> DATA SECTION:
-=-=-=-=-

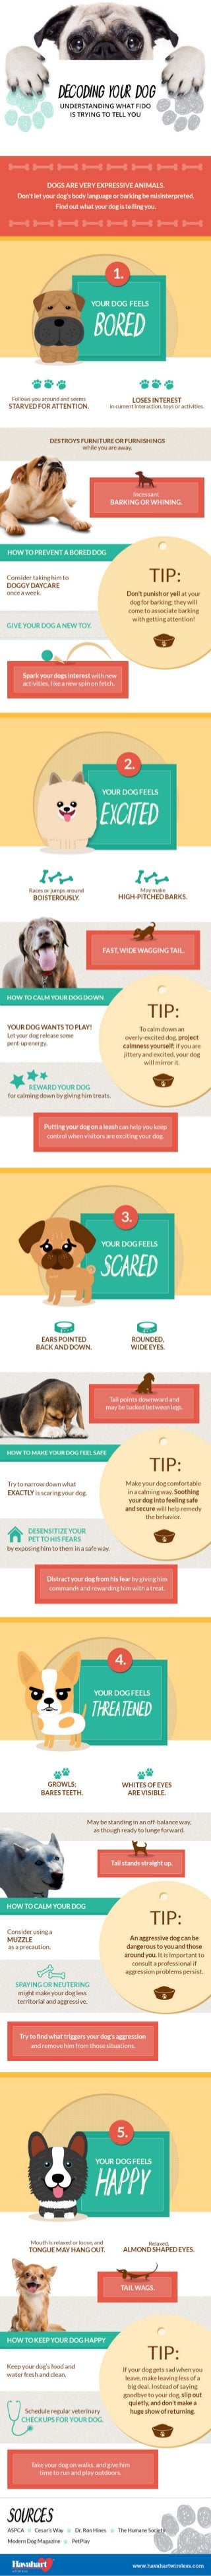 decoding-your-dog-what-fido-is-trying-to-tell-you-infographic
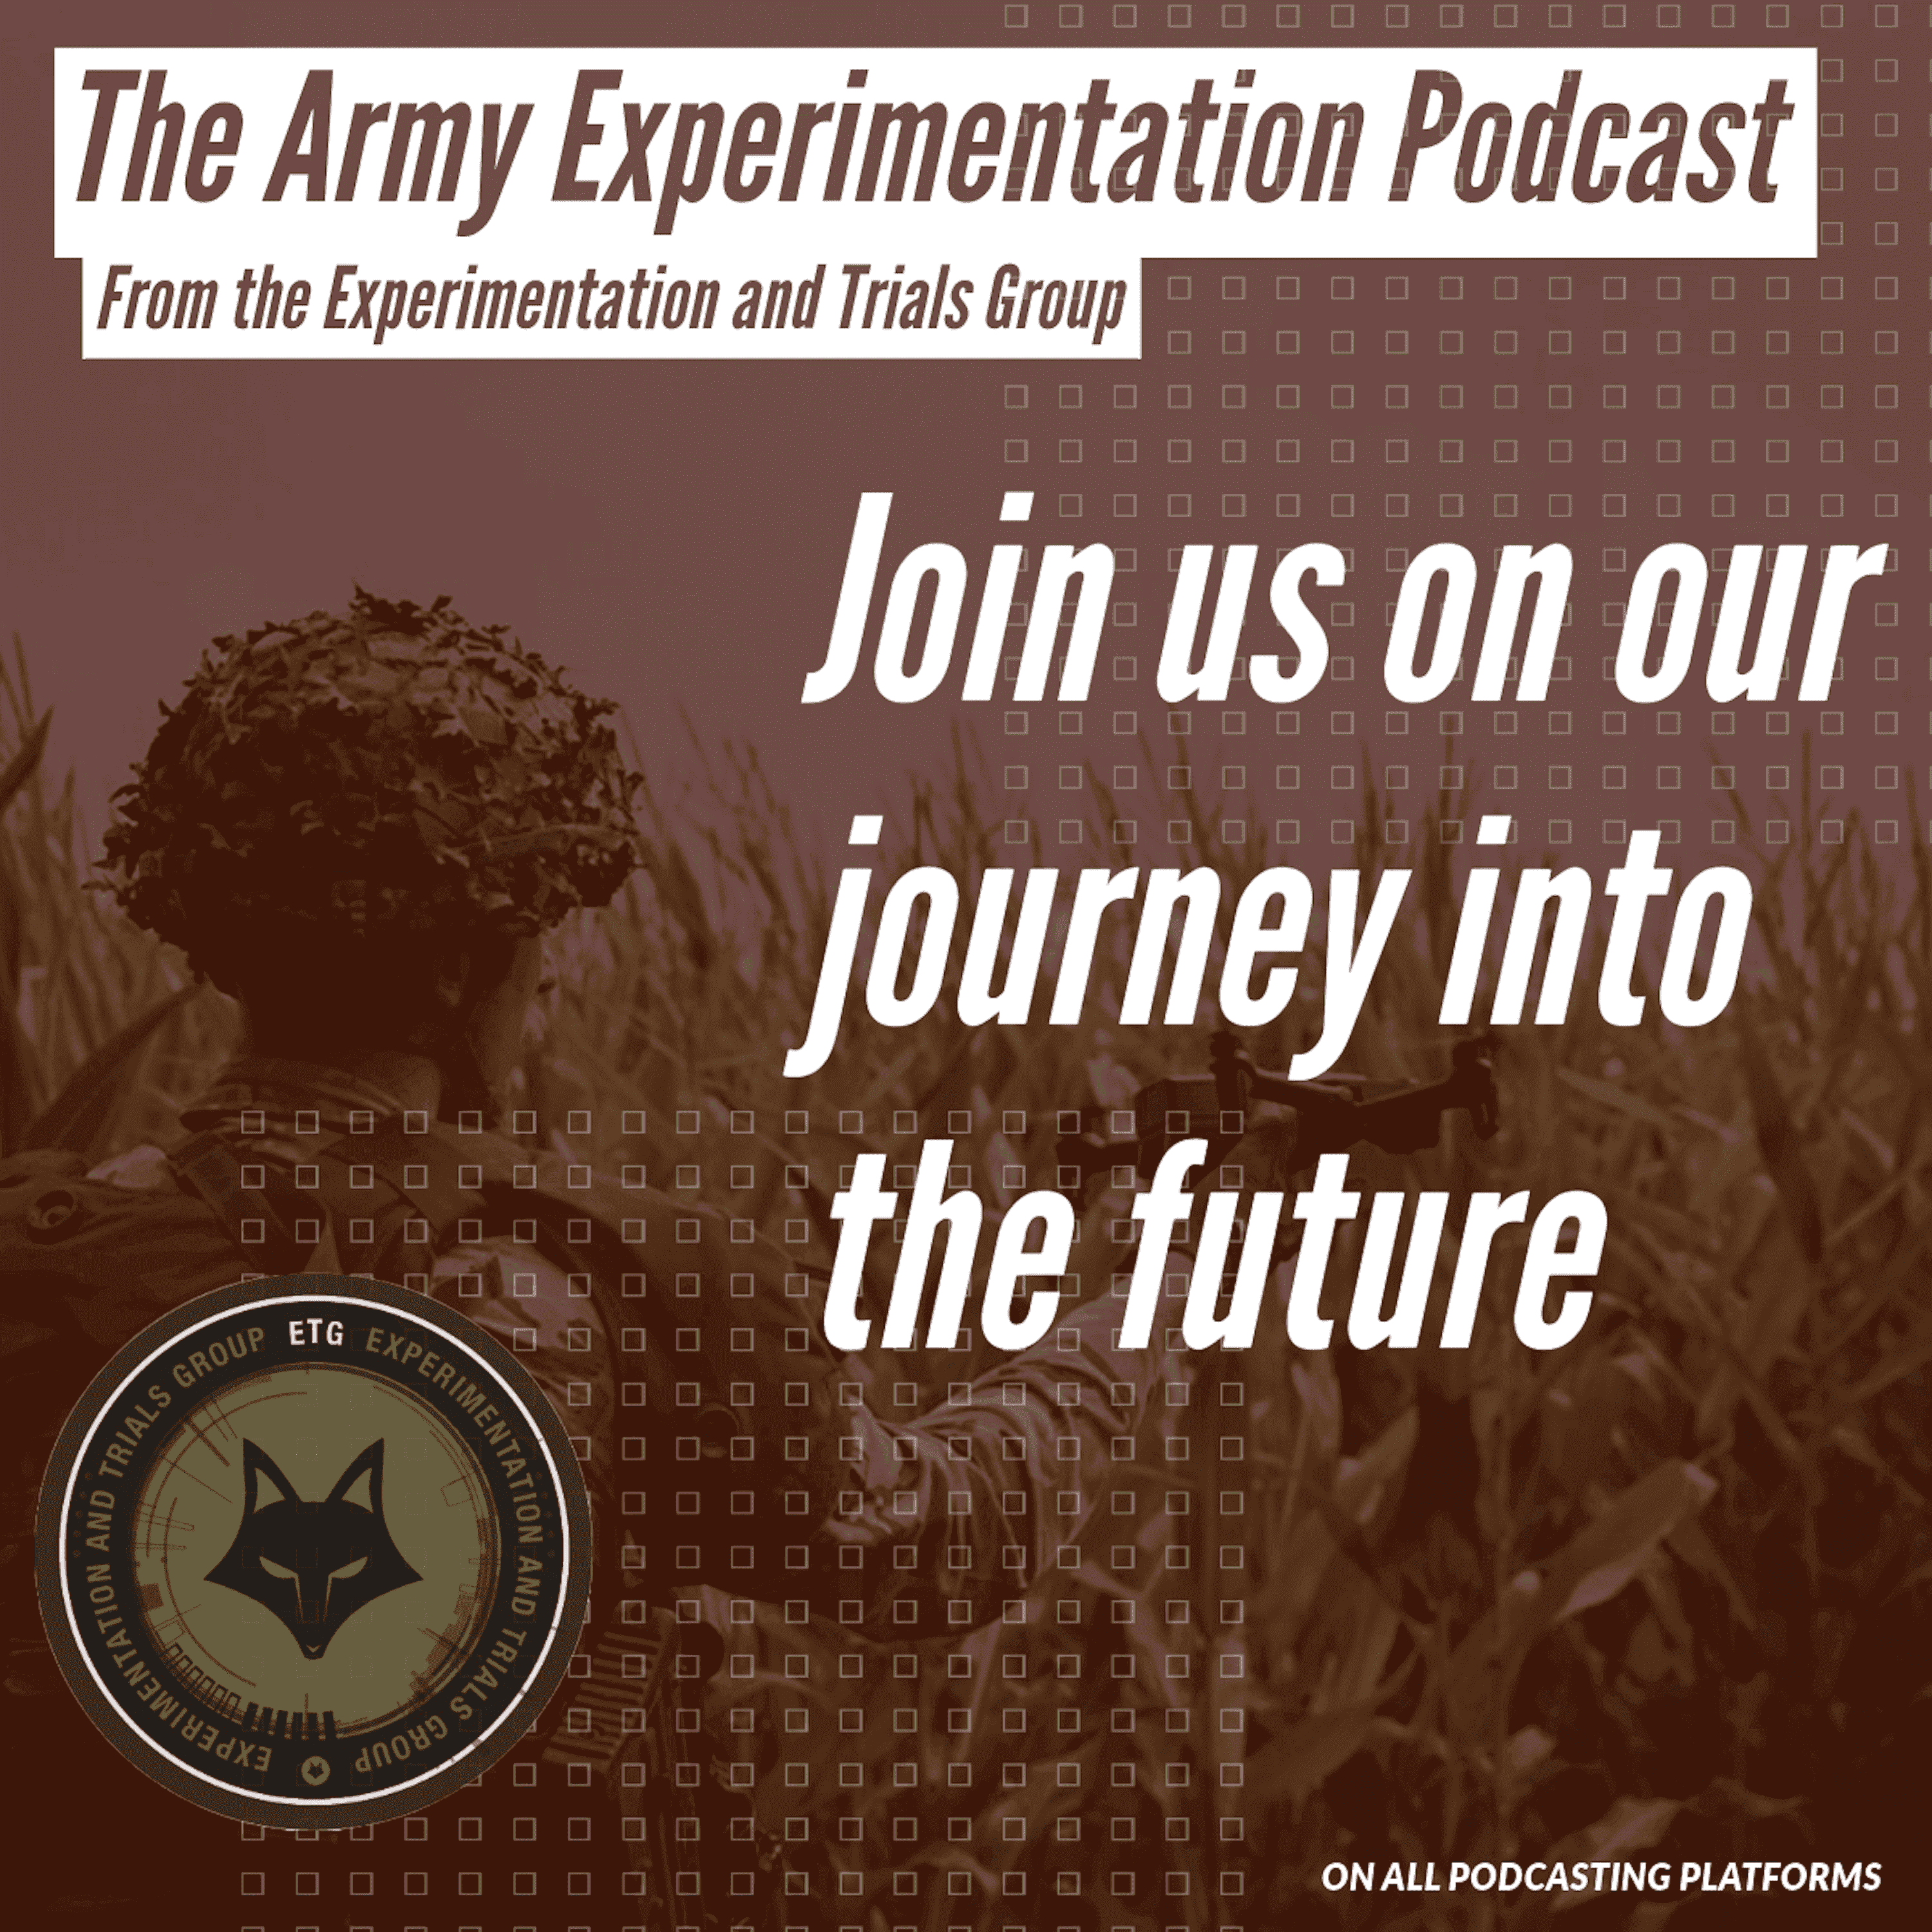 The Army Experimentation Podcast
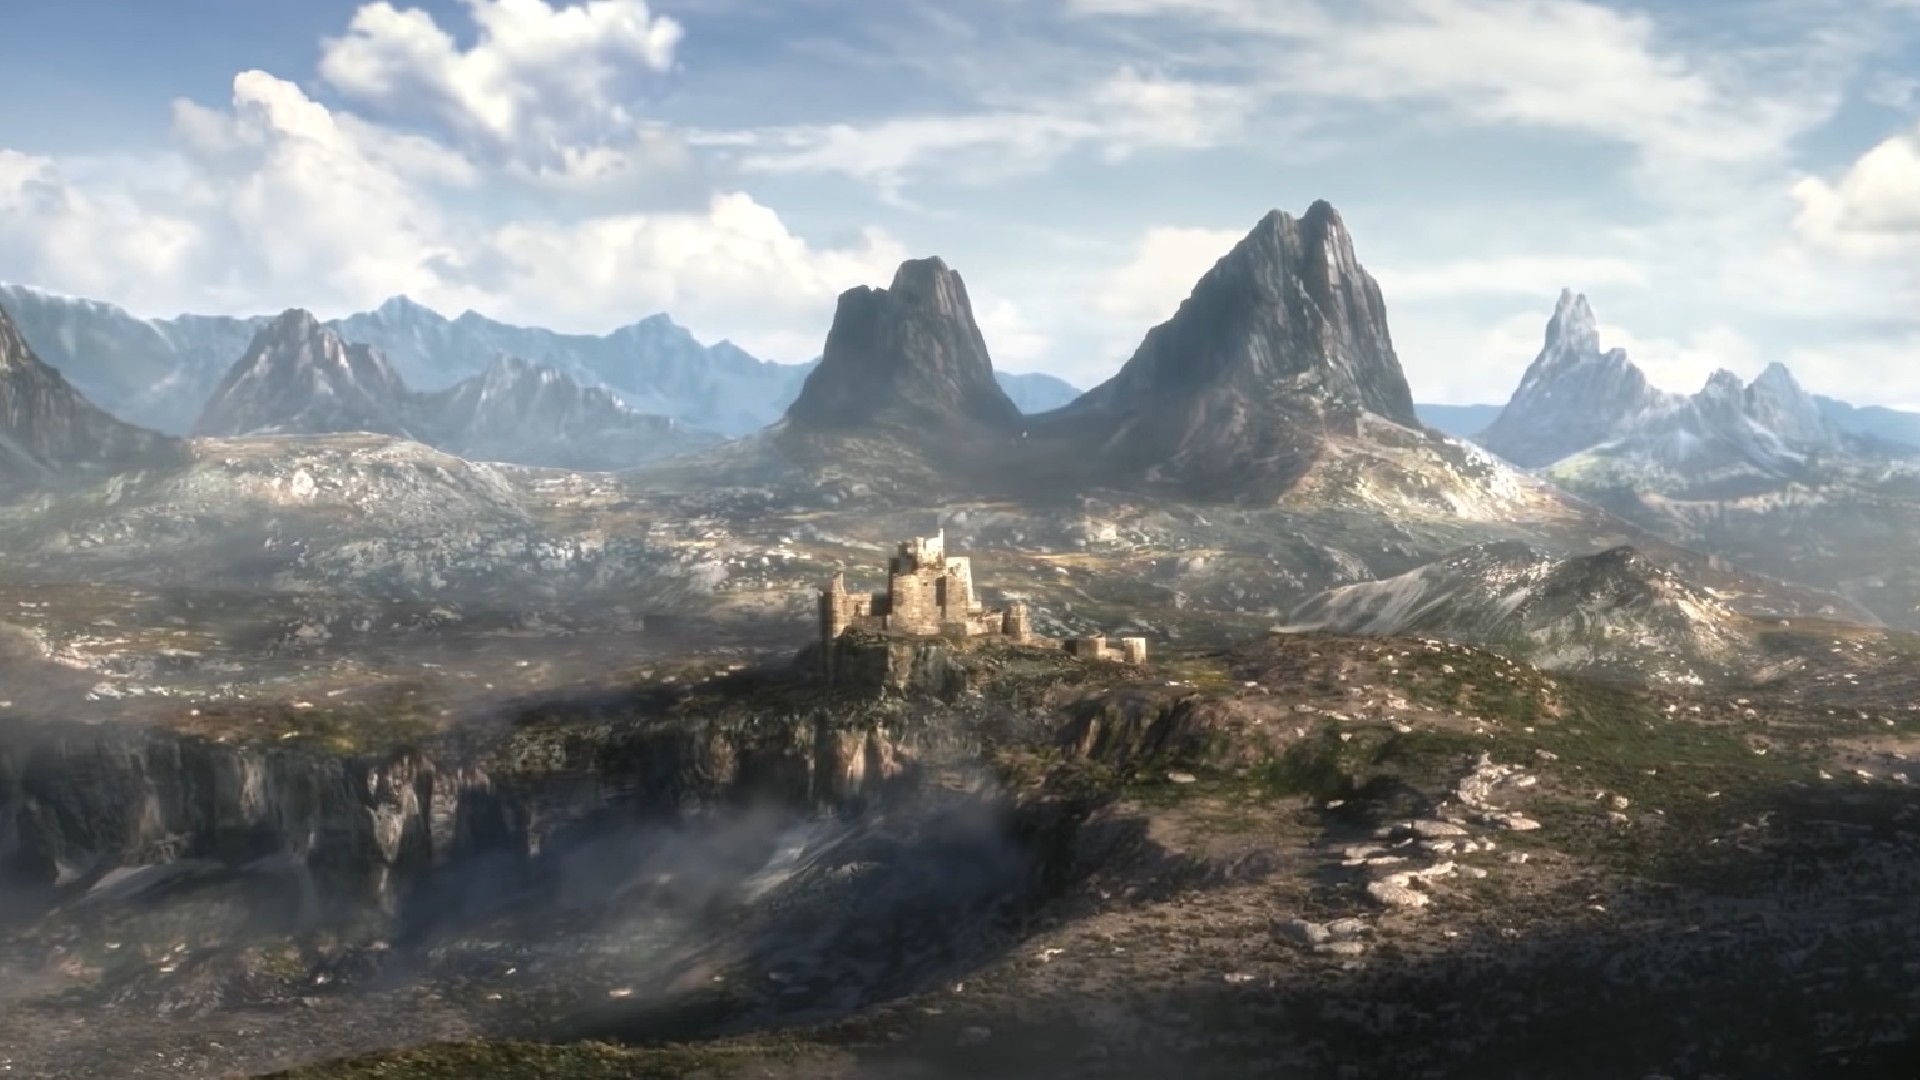 The Elder Scrolls 6 News and Details Are Still Years Away
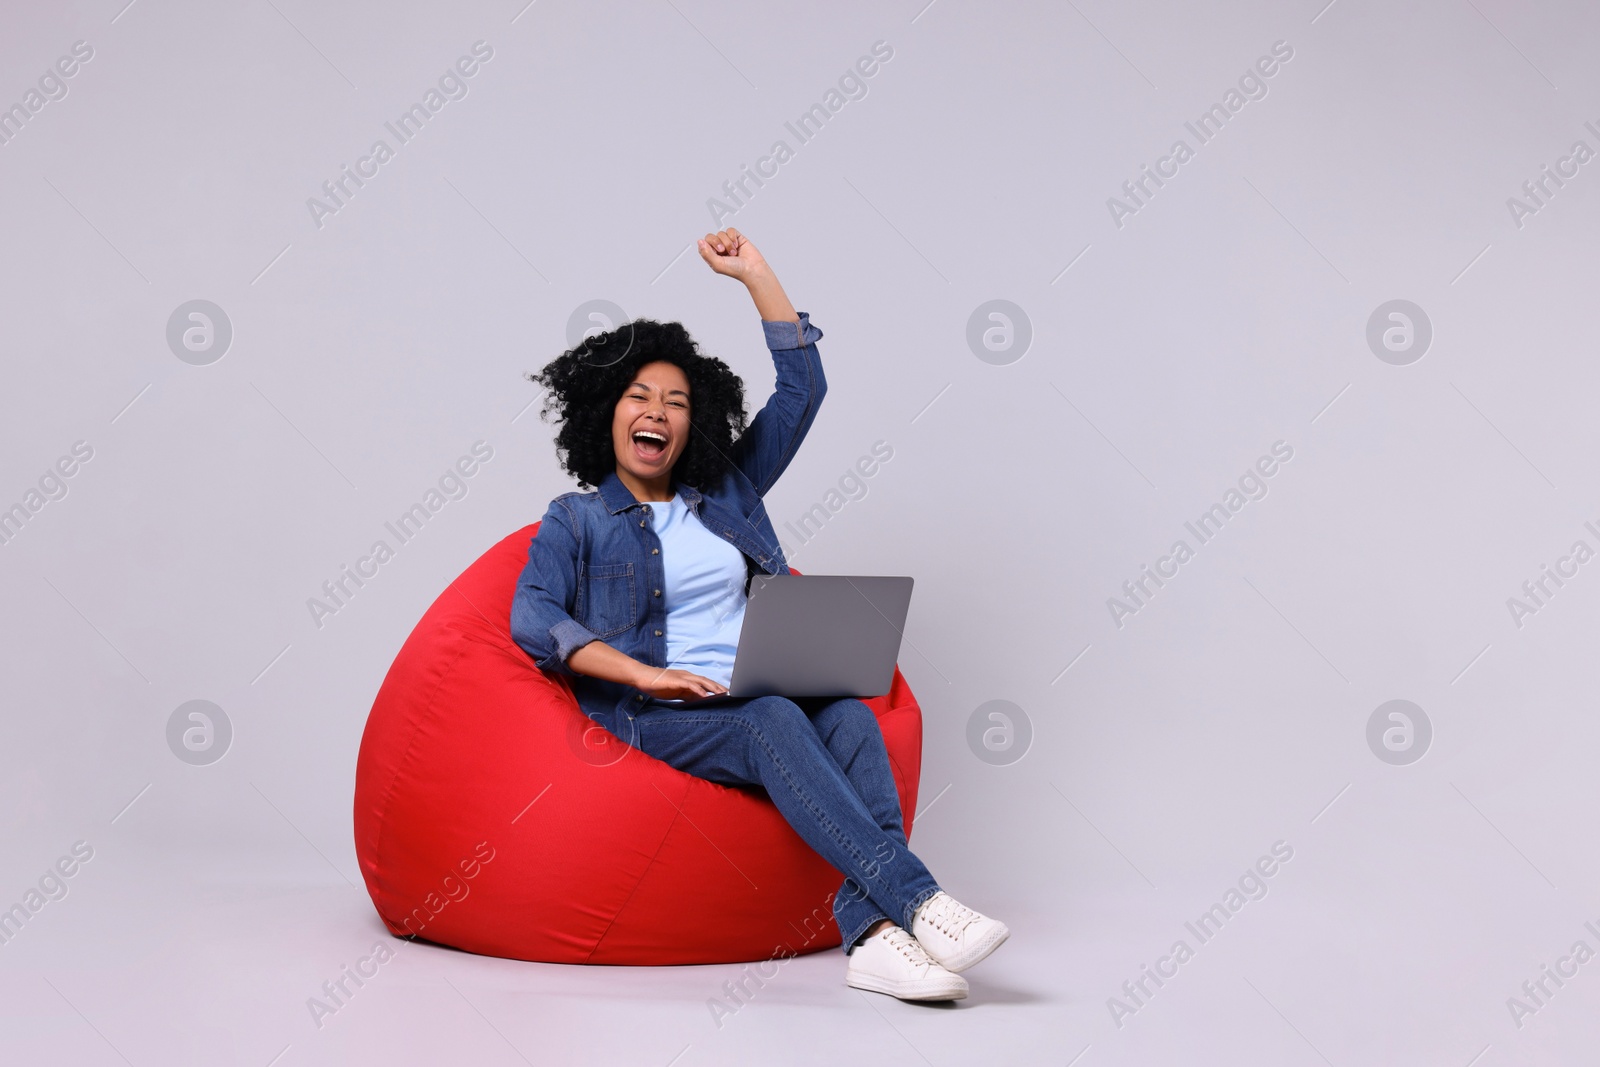 Photo of Emotional young woman with laptop sitting on beanbag chair against light grey background

-=-=-=-=-

> PROBLEM REQUIREMENTS: Using the data above, print every line exactly, omitting pictures.

> EXERCISE RESPONSE:
 decoding-your-dog-what-fido-is-trying-to-tell-you-infographic
 The Army Experimentation Podcast
 The Elder Scrolls 6 News and Details Are Still Years Away
 Photo of Emotional young woman with laptop sitting on beanbag chair against light grey background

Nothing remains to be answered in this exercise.